Thursday 9 February 2012

The Curse of the Ugly

Ugliness brings down everything to its own level. It's the blot on the landscape and the rotten apple in the barrel. And industrial scale ugliness is as bad as it gets. The trouble is that everything that's done nowadays gets done as an industrial project, the humanity, if there ever was any, is squeezed out of it, and the result is a tainted experience because efficiency is the driver rather than natural beauty. The removal of the scar of the power lines across Blacka Moor has been a revelation. With one action we have wiped away something that some of us had hardly realised was corrupting our vision. Industrialised landscapes are often characterised by sheer scale and may make us think of power stations, factories and oil refineries but one of the most industrialised landscapes is the grouse moor often a vast expanse of shackled and dehumanised space where top down discipline has been imposed by managers set on repressing and punishing most of the characteristics of free nature to serve their own economic ends.

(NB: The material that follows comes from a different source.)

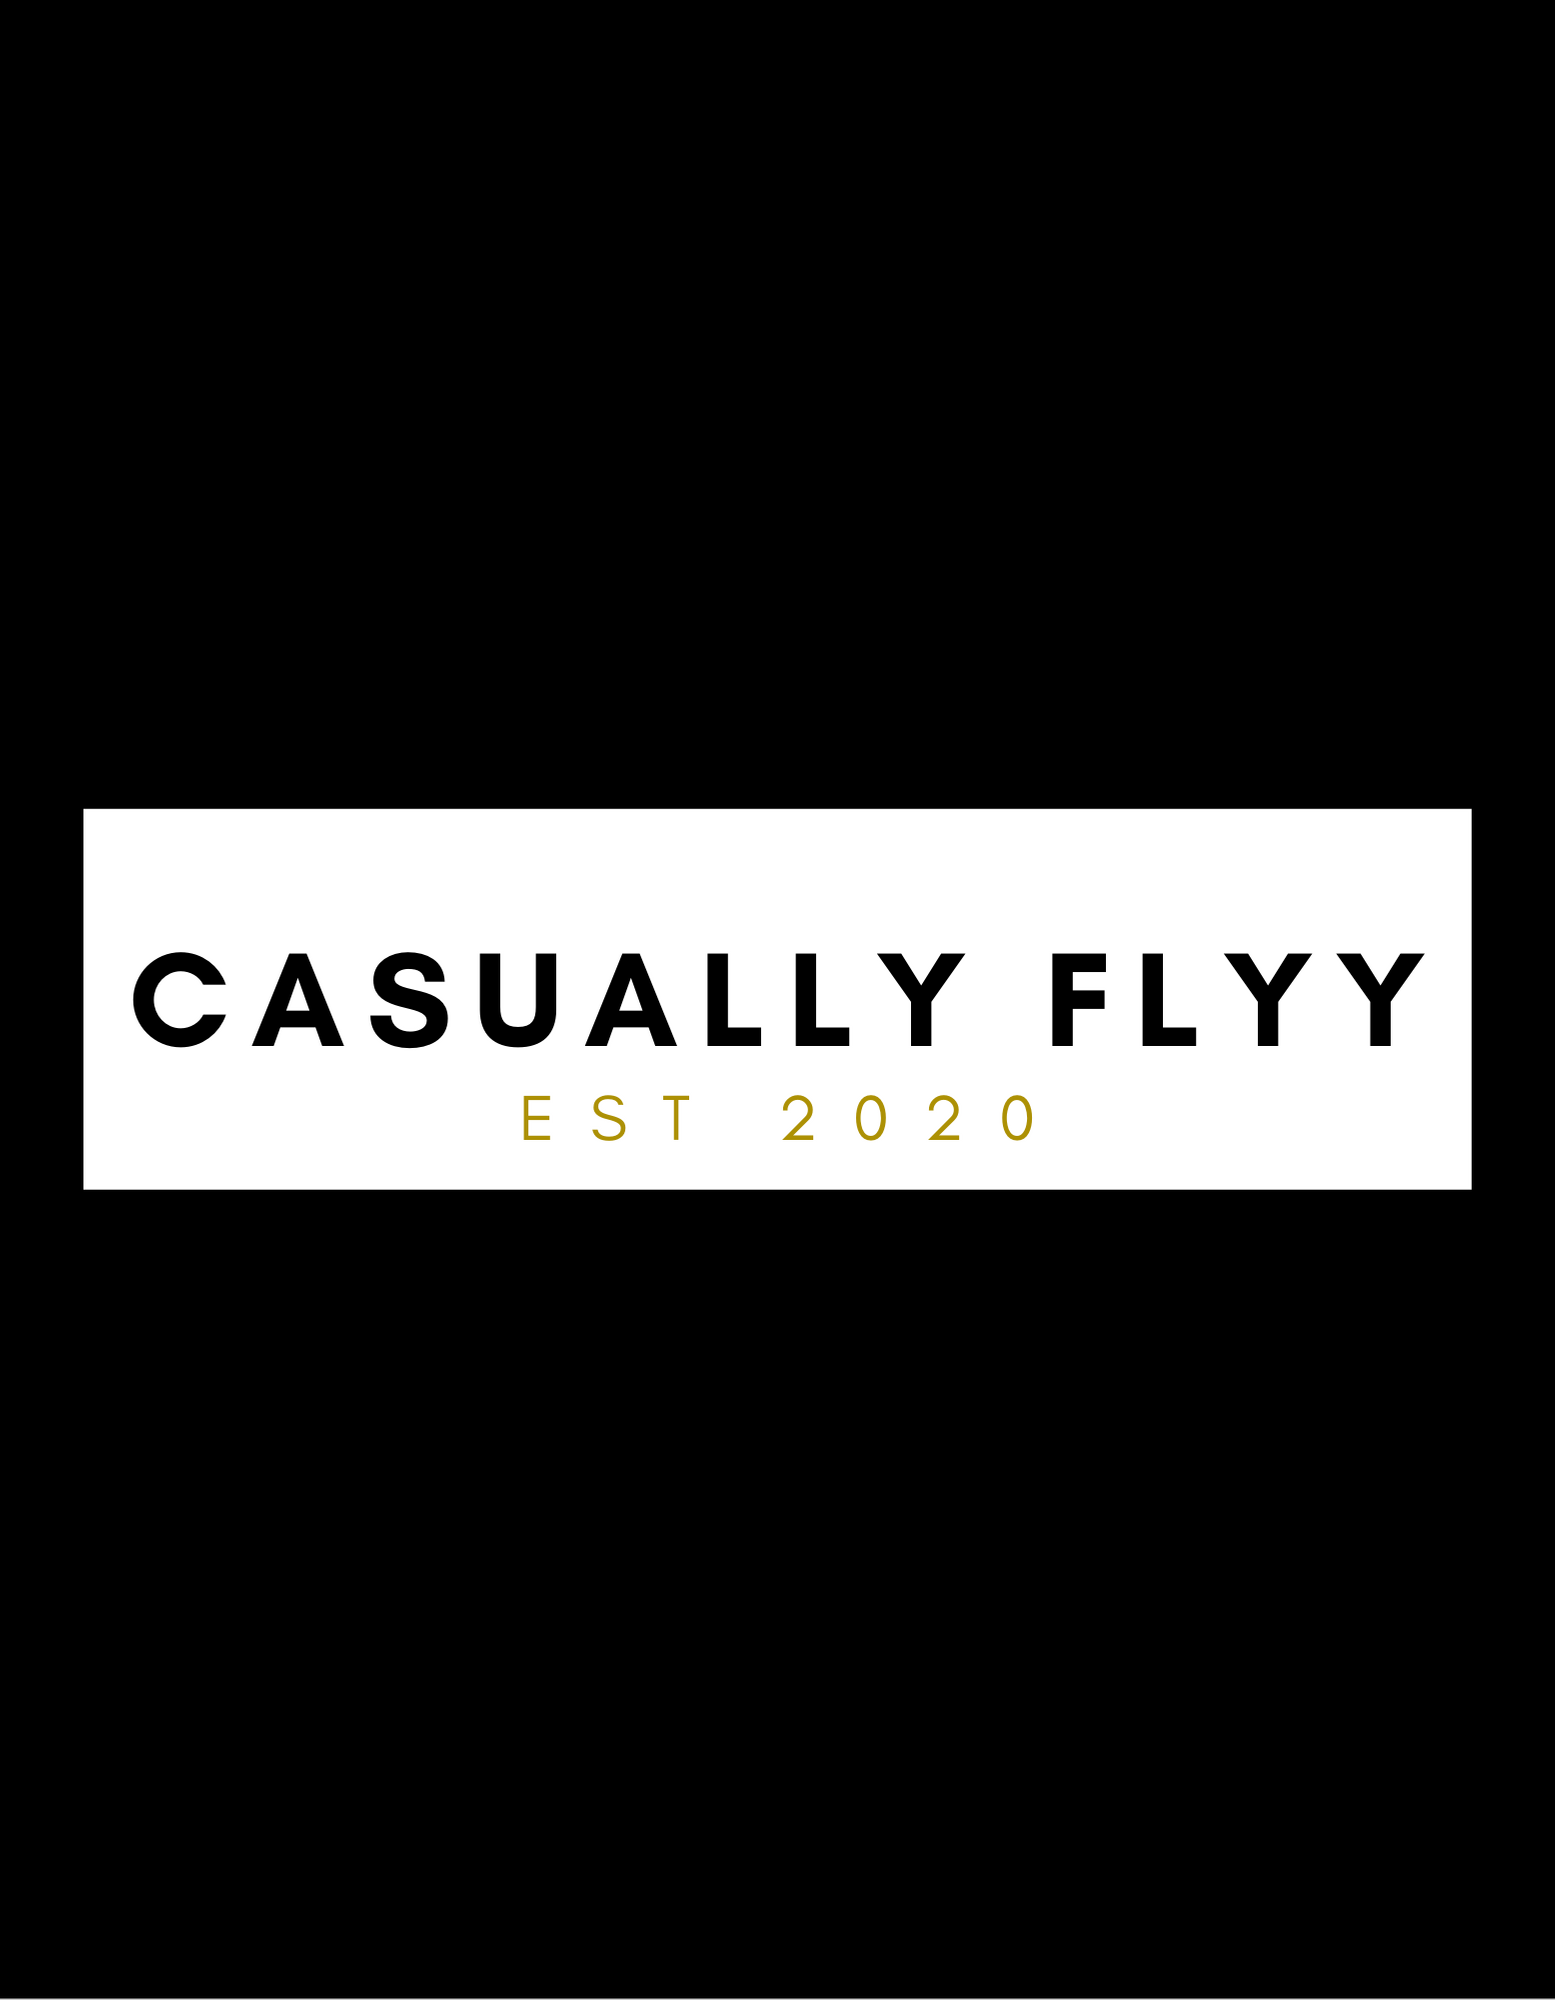 Casually Flyy

Free land has varied and changing views and trees are the star performers, changing week by week throughout the year. This week it's been tree rime that's delivered natural beauty at a time of year when open landscapes can be depressing. Blacka's return to a more wooded character should be welcomed. Nobody should be cutting down and poisoning, bashing and coppicing. Celebrate nature fighting back.



Each one of the trees in the picture above has grown of its own accord. It was not planned and would certainly not have been allowed to grow under any regime like those managed by wildlife trusts today. Blacka today would be a much poorer place if conservation of their preferred kind had been practised here 50 years ago. The trees here show many different sides to their character as they change over a year. Today they are beautiful because of the rime from frost and fog. Later in the year as spring comes they will go through a succession of various shades of green. In the autumn the colouring will delight us in another way.

I remember that in my childhood farmland was often attractive in ways it rarely is today. The farming industry in its publicity welcomes the changes as a sign of progress and efficiency and when looked at like that you see they may have a point. But we've lost a lot in getting that efficiency. That's all the more reason for keeping large parts of our landscape separate from the compulsion to manage and control.